What you need to do:
Scan the records below for the line containing "Imperious proportion with" and the line containing "Displays a desirable aged patina and". Copy both, plus every line between, exactly.

═════ Working data ═════

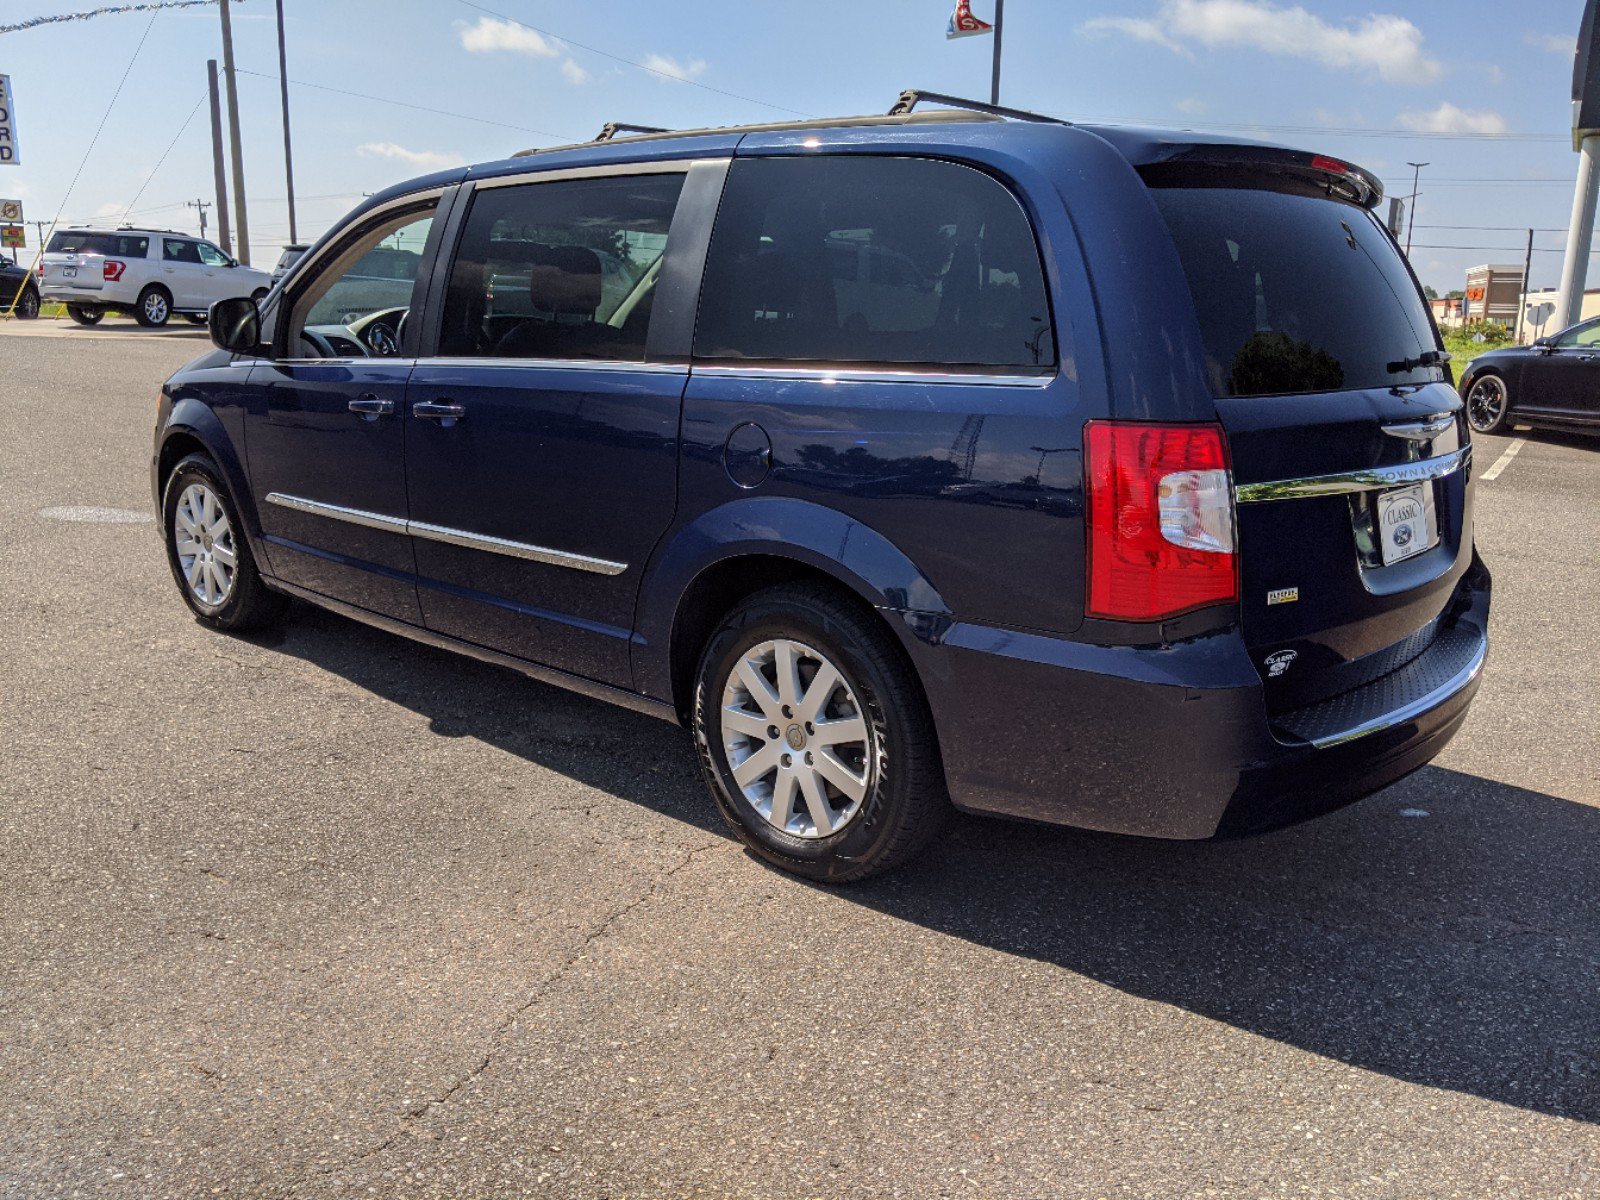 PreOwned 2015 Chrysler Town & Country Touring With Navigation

═════
═════ Working data ═════

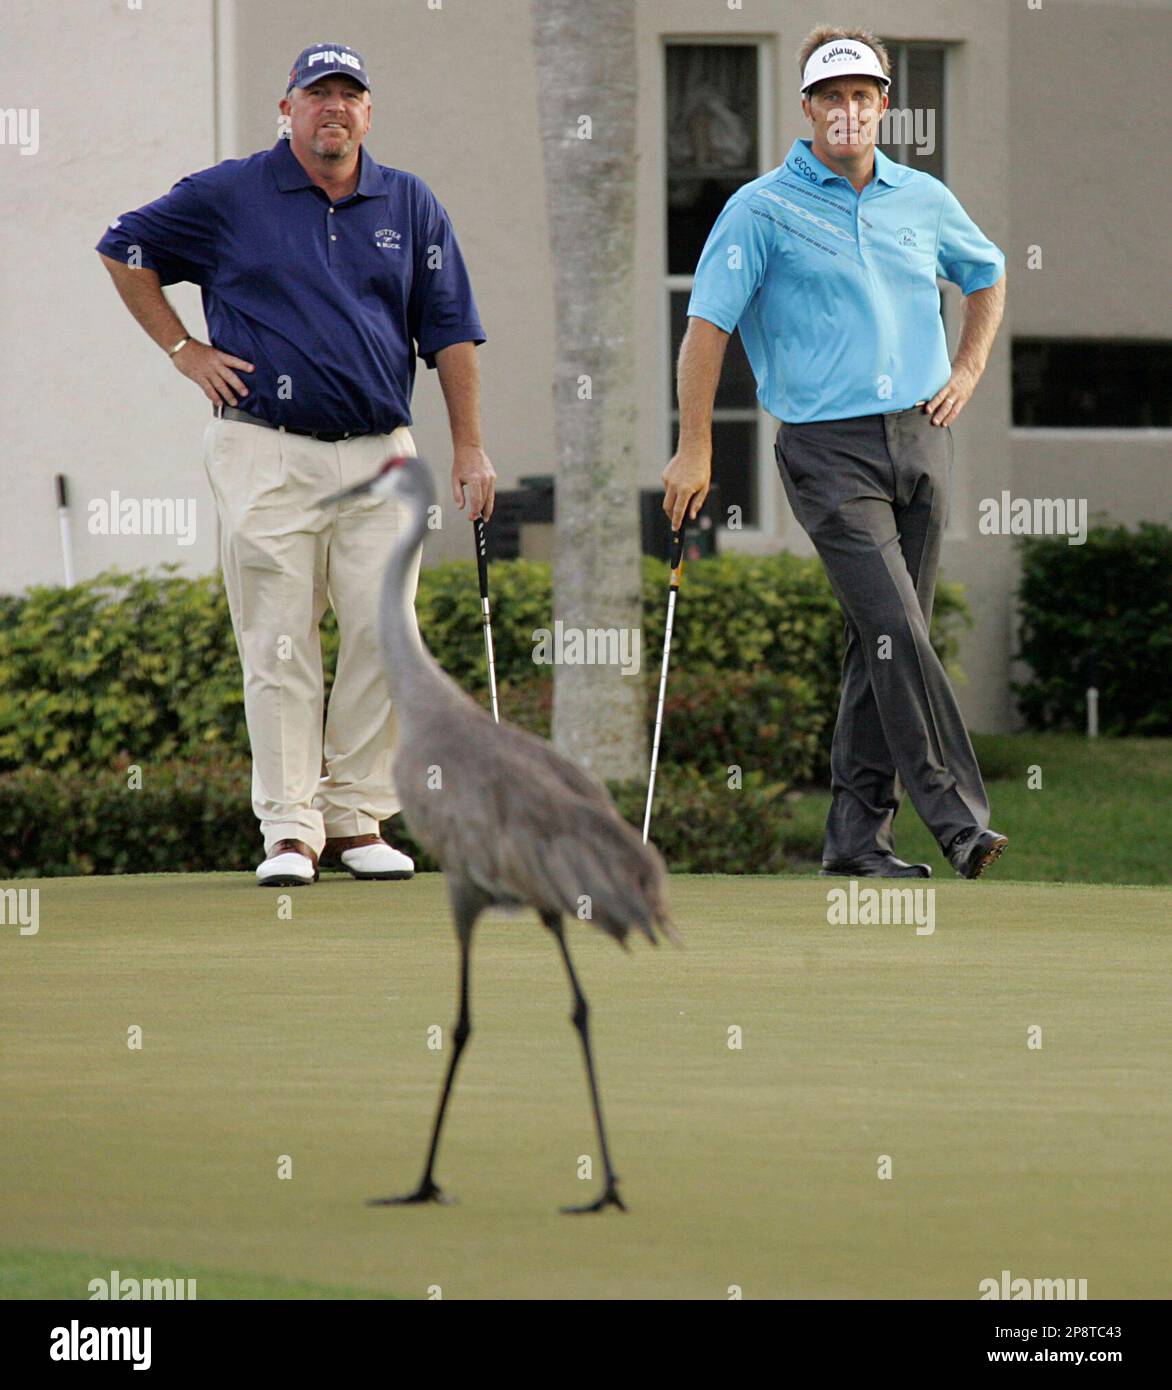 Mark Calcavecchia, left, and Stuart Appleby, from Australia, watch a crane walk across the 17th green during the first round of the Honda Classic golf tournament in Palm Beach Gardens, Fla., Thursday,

═════
═════ Working data ═════

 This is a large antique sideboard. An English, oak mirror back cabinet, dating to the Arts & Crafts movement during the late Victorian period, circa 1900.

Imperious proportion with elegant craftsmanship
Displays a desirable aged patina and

═════

Answer to this problem:
Imperious proportion with elegant craftsmanship
Displays a desirable aged patina and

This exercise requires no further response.